**WHAT TO WORK ON**.
Copy the material below verbatim from the line with "Vintage Deadstock NWT" to the line with "The Handbag Italian", both lines included, omitting pictures and every line outside that range.

**LISTED ENTRIES**.
----------
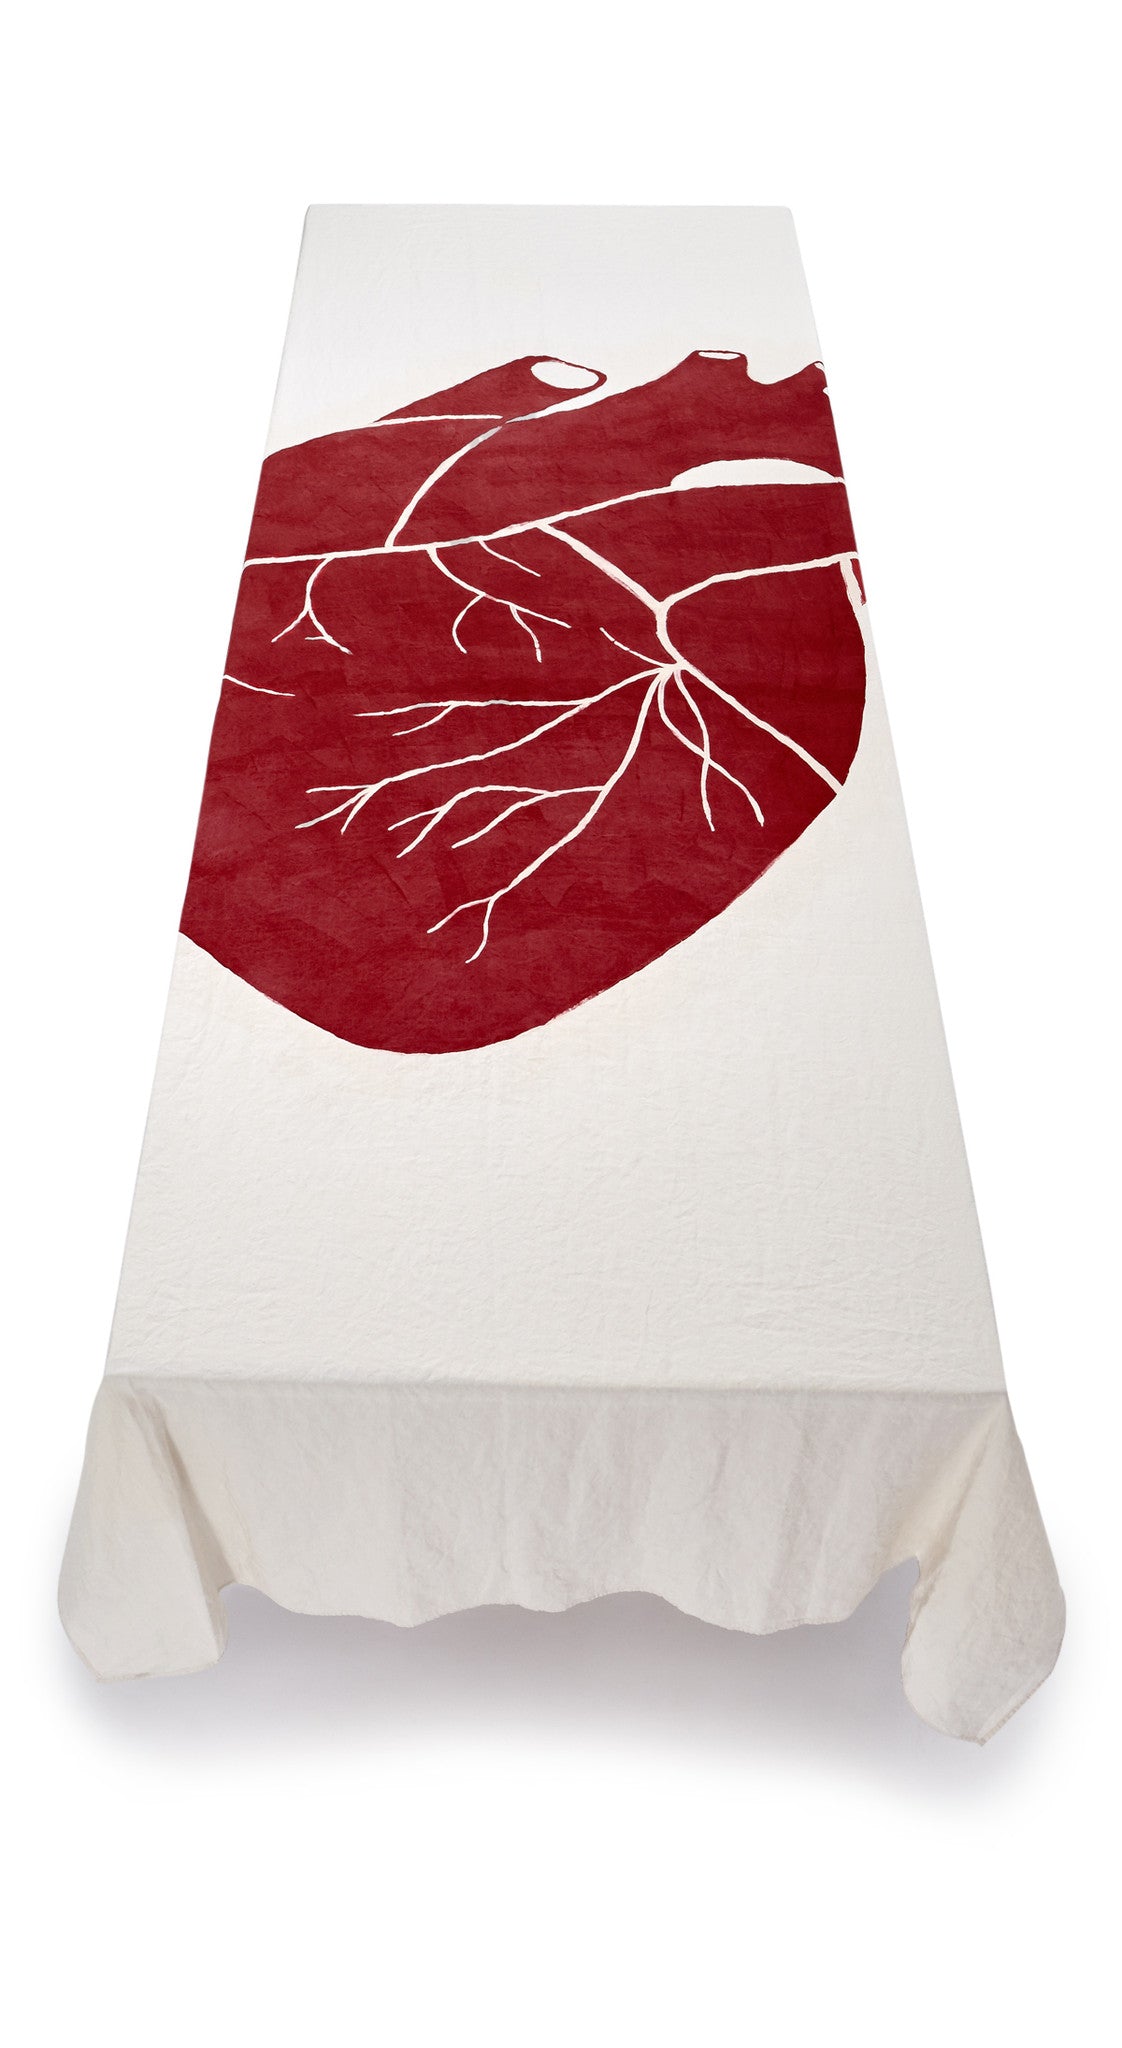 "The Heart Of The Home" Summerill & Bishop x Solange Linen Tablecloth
----------
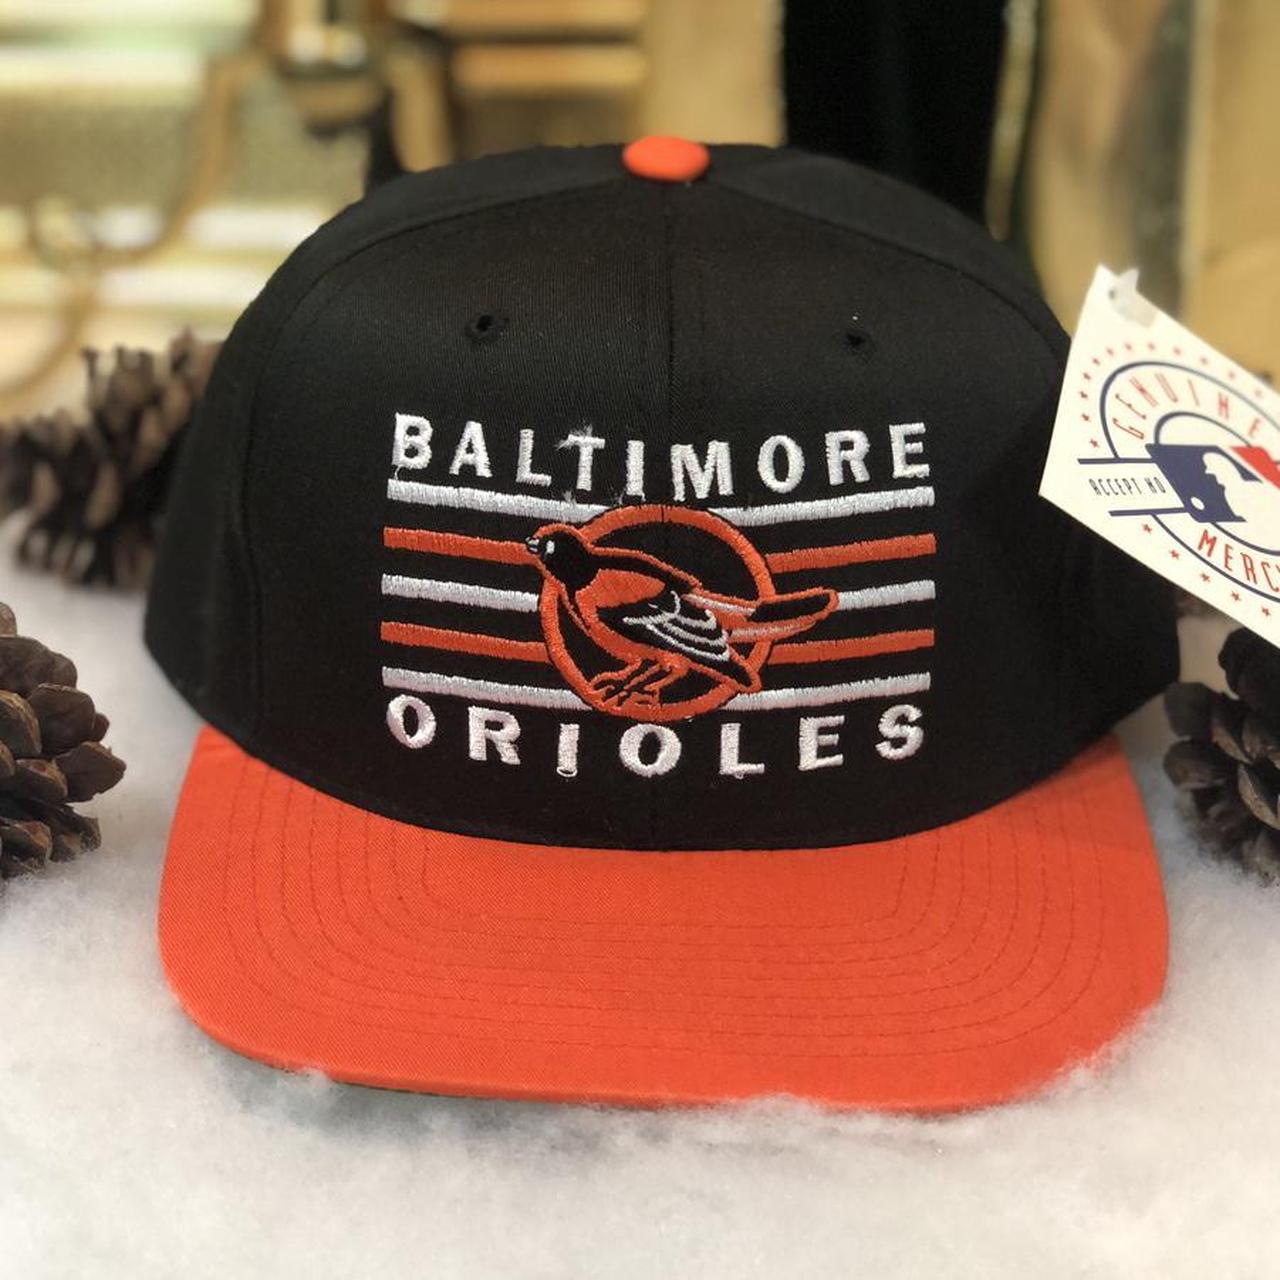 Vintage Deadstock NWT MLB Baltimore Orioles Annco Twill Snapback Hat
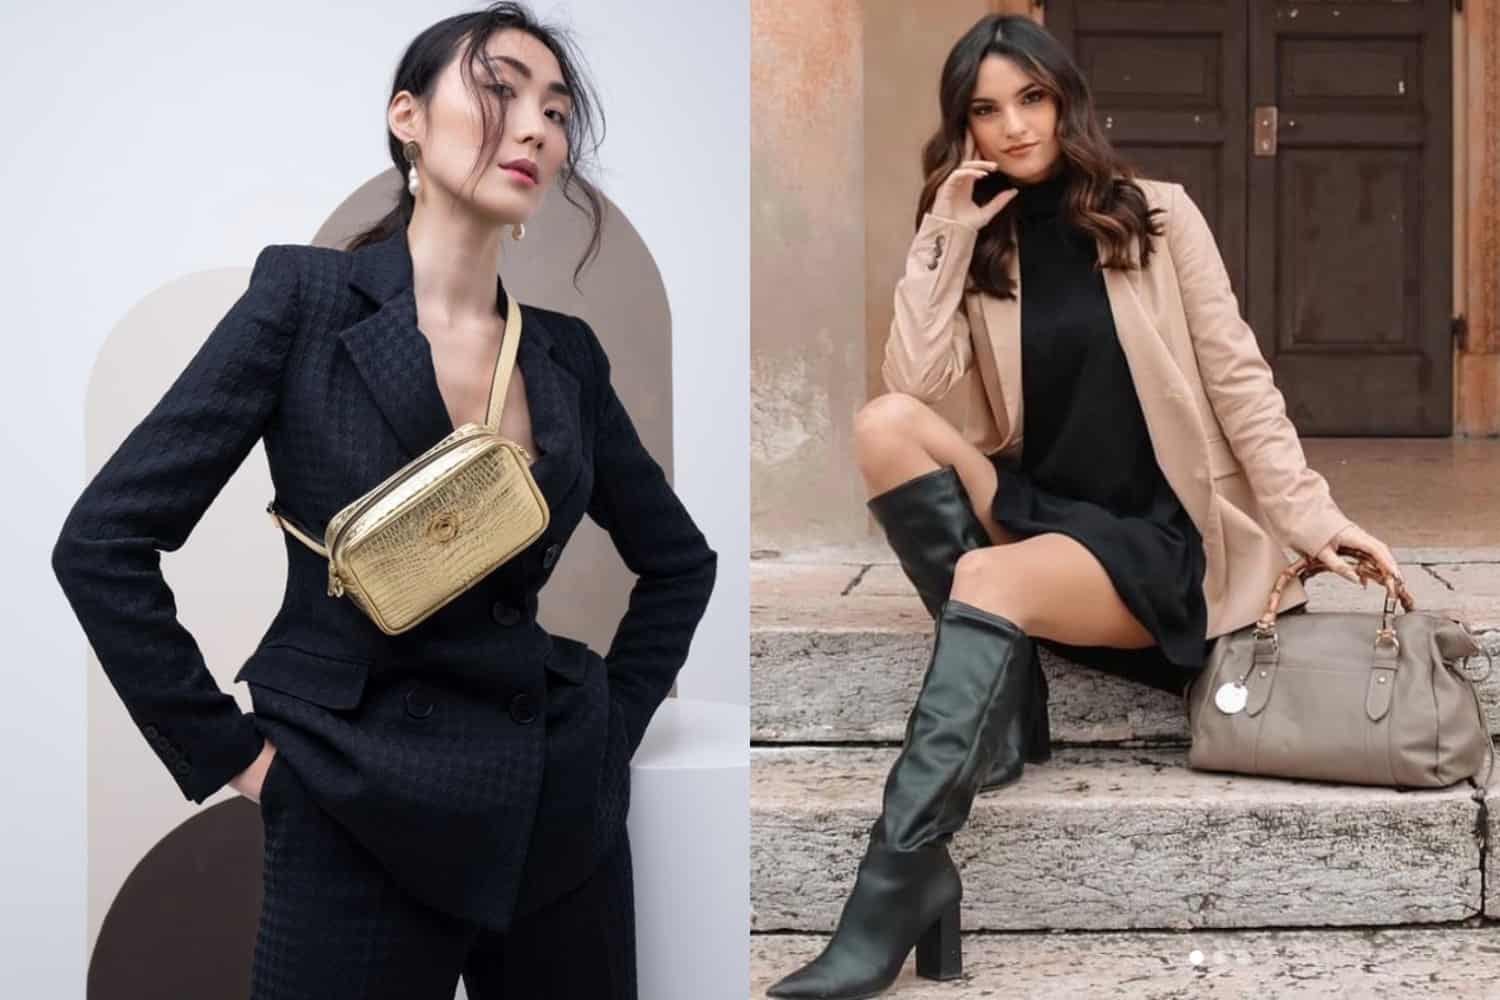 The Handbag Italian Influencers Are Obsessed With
----------
**FINAL ANSWER**.
 Vintage Deadstock NWT MLB Baltimore Orioles Annco Twill Snapback Hat
 The Handbag Italian Influencers Are Obsessed With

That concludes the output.